Tuesday, October 9, 2007

Zsa Zsa

Zsa Zsa
“Jane, Jane! get over here right now, it’s time for your insulin,” a woman in a blue jumpsuit yelled impatiently. The woman was in fact a nurse from a neighboring facility helping out for the day, and had no idea she was in the presence of greatness. The woman continued to yell across the room until another nurse came over to clear up the problem.
“Try saying Zsa-Zsa, instead of Jane,” she recommended helpfully. And with that the nurse threw her hands up in the air, and wondered why she had agreed to work in the Alzheimer’s unit for the day.
“Zsa-Zsa, it’s time for your insulin!” and with that the woman in dark glasses turned and looked at the woman for the first time.
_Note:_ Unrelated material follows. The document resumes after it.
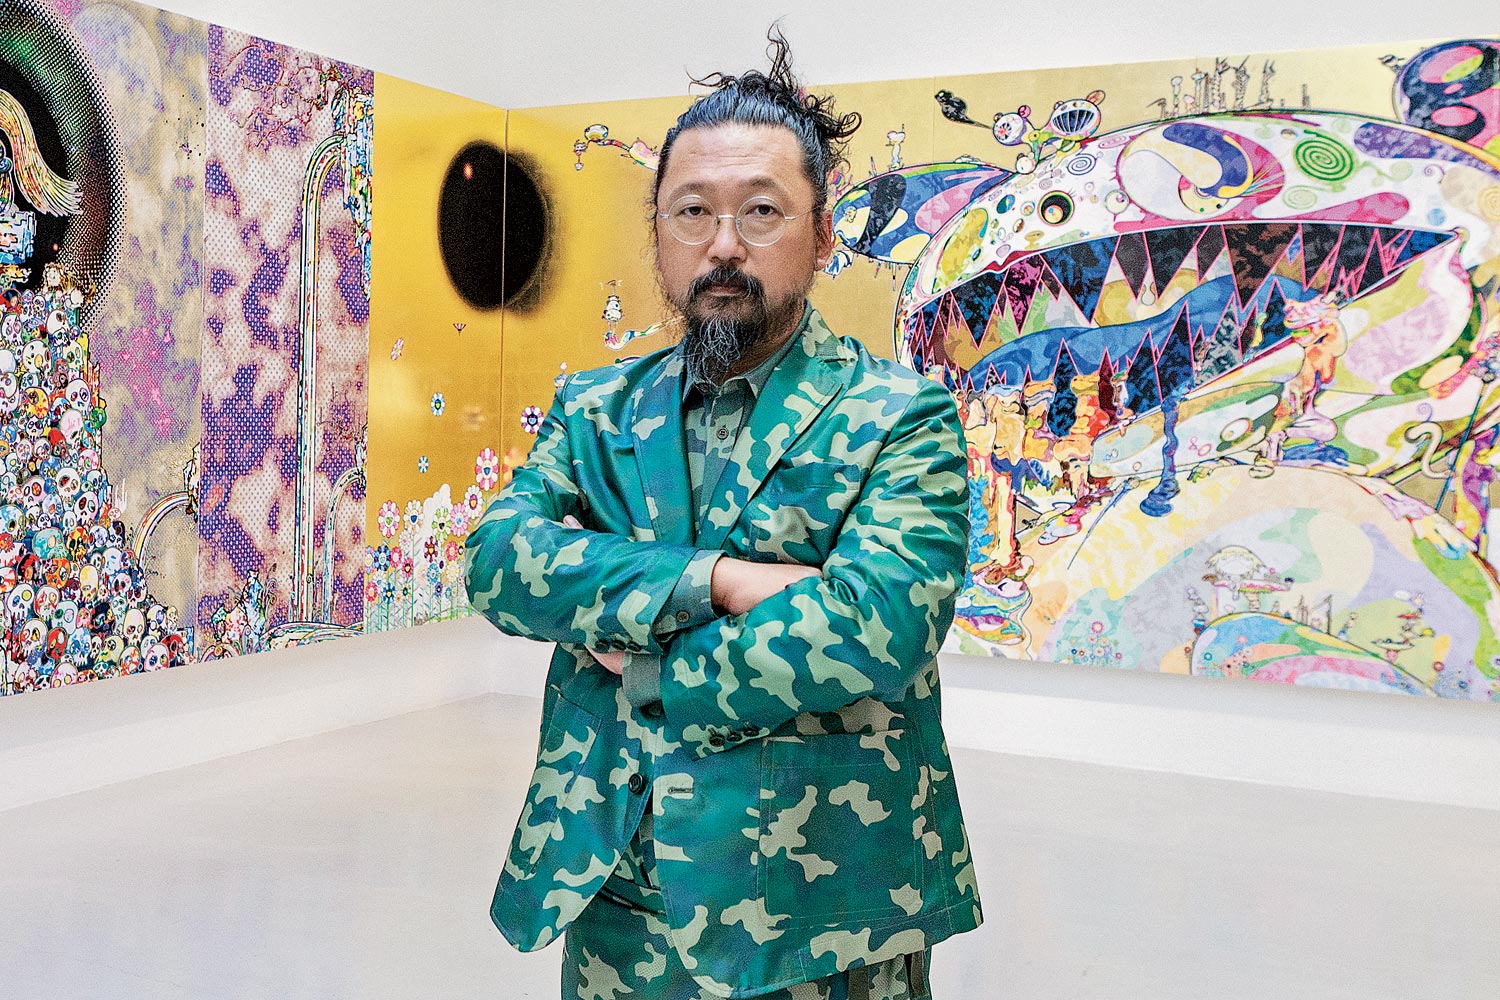 Takashi Murakami, artist behind Kanye West's Graduation cover

“Are you addressing me madam,” she sarcastically replied, appalled that someone would simply yell her name out and expect her to snap to attention like a dog. The woman was an American however, and she took this into account as she wheeled over to see what all the commotion was about.
What could be so urgent,” she asked, as the woman grabbed her by the arm and began preparing her for an insulin shot. But she let it go this time, and thought about the exotic life she must have led that she was paying for now. She couldn’t at the time exactly remember the exotic details, but she knew who she was and that was enough. Jane had in fact been born in Hungary, and was by anyone’s account a great beauty in her own right. But Jane didn’t interest her anymore and now she had decided that she was in fact the great Zsa Zsa Gabor.
Following her insulin shot she began wheeling her way back to the television set, hoping to catch a glimpse of herself on TV so she could admire the woman she once had been. Before she had become Zsa Zsa, Jane had been a wife and a mother and had taken care of her family all of her life without ever worrying about herself. Now, at the age of 83 her mind had appeared to right this horrible injustice and she believed, with every fiber of her being, that she was in fact Zsa Zsa Gabor.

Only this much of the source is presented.